Researchers at the University of Toronto
approached this question as follows: 1) Hacco and
Shu detected characteristics of biological texts that
contain irrelevant biological analogies (Hacco,
2002). When searching for biological analogies,
these characteristics can form the basis for a
systematic removal of irrelevant search results and,
therefore, assist the engineer in identifying relevant
analogies. 2) A characteristic of biological texts that
can effectively be used as design stimuli is the
explicit description of biological principles (Mak,
2004). A case study showed that the effort for
selecting relevant biological systems is reduced
when the principle has not to be abstracted from
described behaviors or forms. 3) To further support
the engineer in identifying relevant analogies,
different methods for categorizing biological
information have been developed based on semantic
relations (Ke, 2009); (Cheong, 2012); (Son, 2012).
Categorized biological information was found to
assist the engineer in selecting analogies relevant to
the design problem (Ke, 2009); (Cheong, 2012).

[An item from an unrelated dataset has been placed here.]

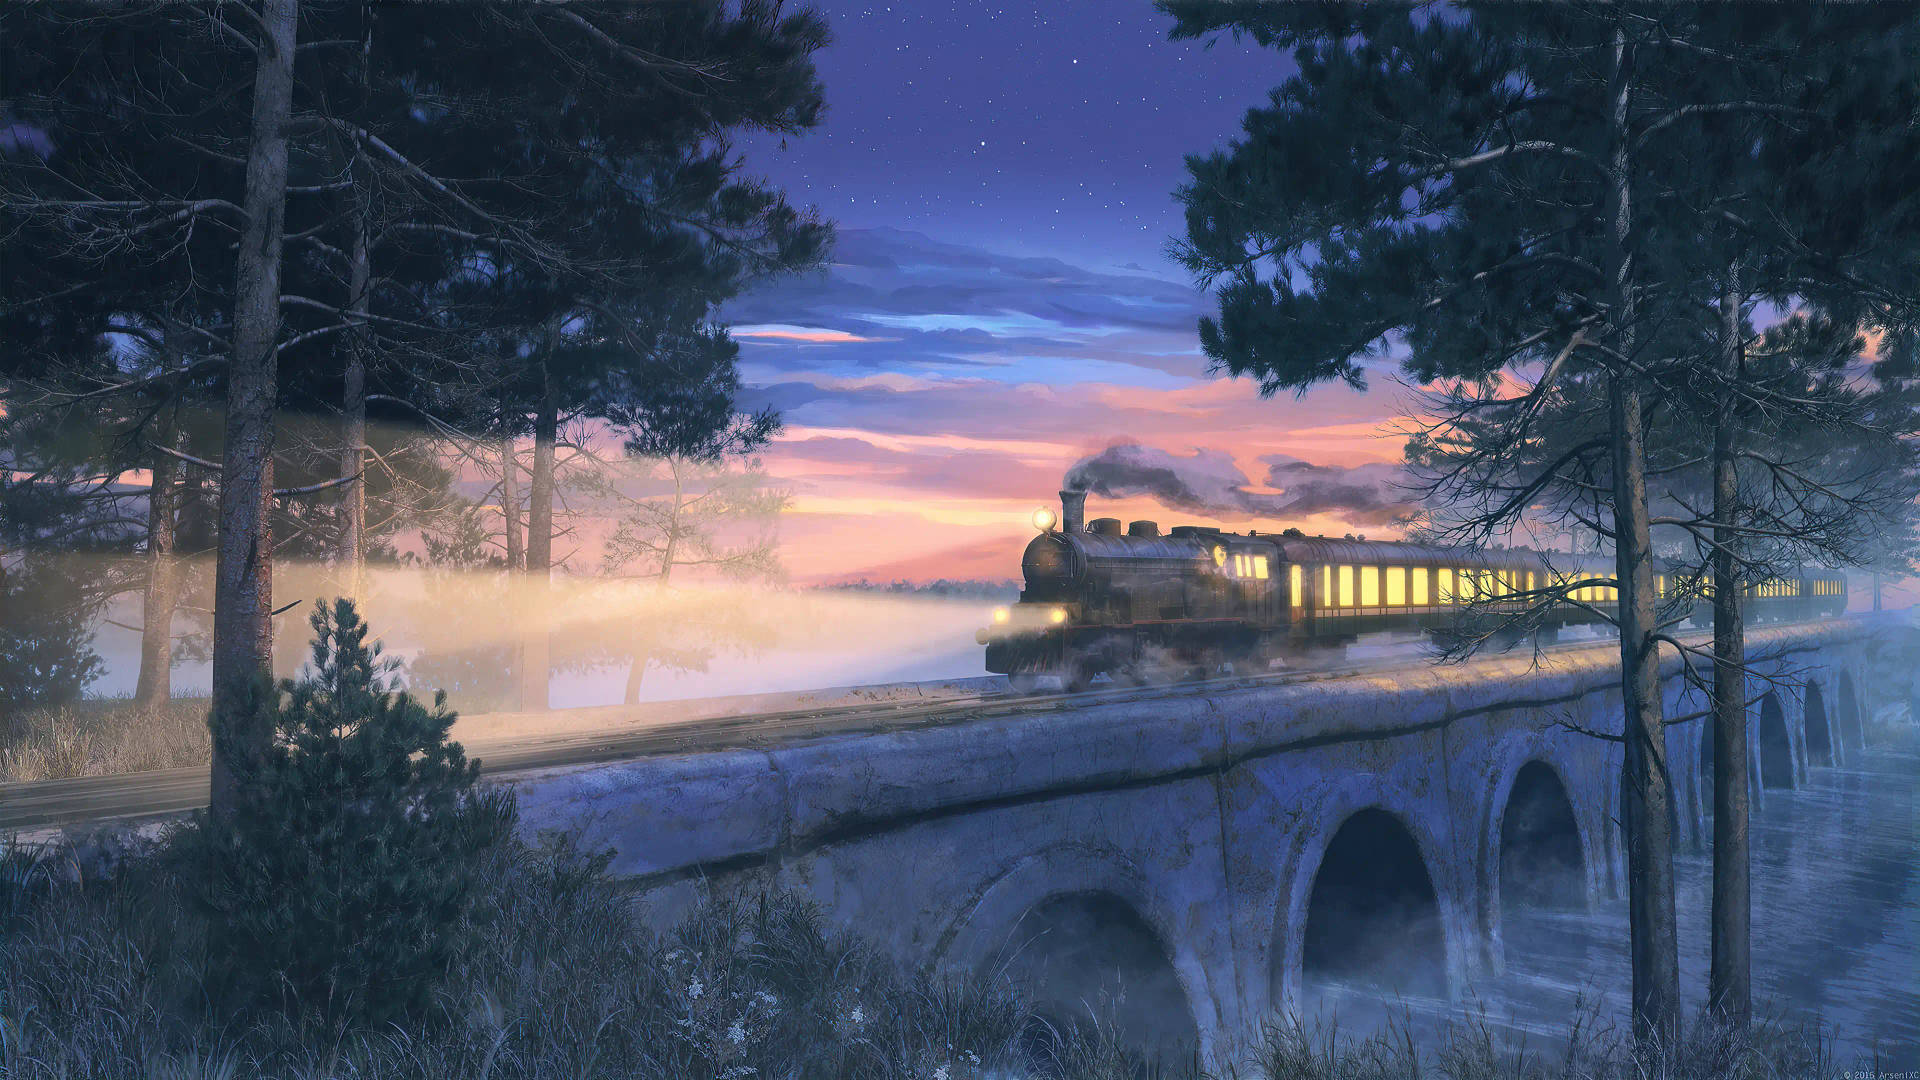 Midnight Express Train Background

Further support for identifying relevant
biological analogies was provided by Vandevenne
(Vandevenne, 2011; 2012a; 2012b) in different
ways: 1) To support the identification of relevant
analogies, textual descriptions of biological systems
that are detectable in the web were automatically
characterized and mapped to technical problem
descriptions (Vandevenne, 2011). 2) To support the
structuring and, therefore, the selection of biological
information available in text format, Vandevenne et
al., introduced a method for classifying biological
analogies into the Biomimicry Taxonomy of the
Biomimicry Design Portal Ask Nature
(http://www.asknature.org/, Vandevenne, 2012a). 3)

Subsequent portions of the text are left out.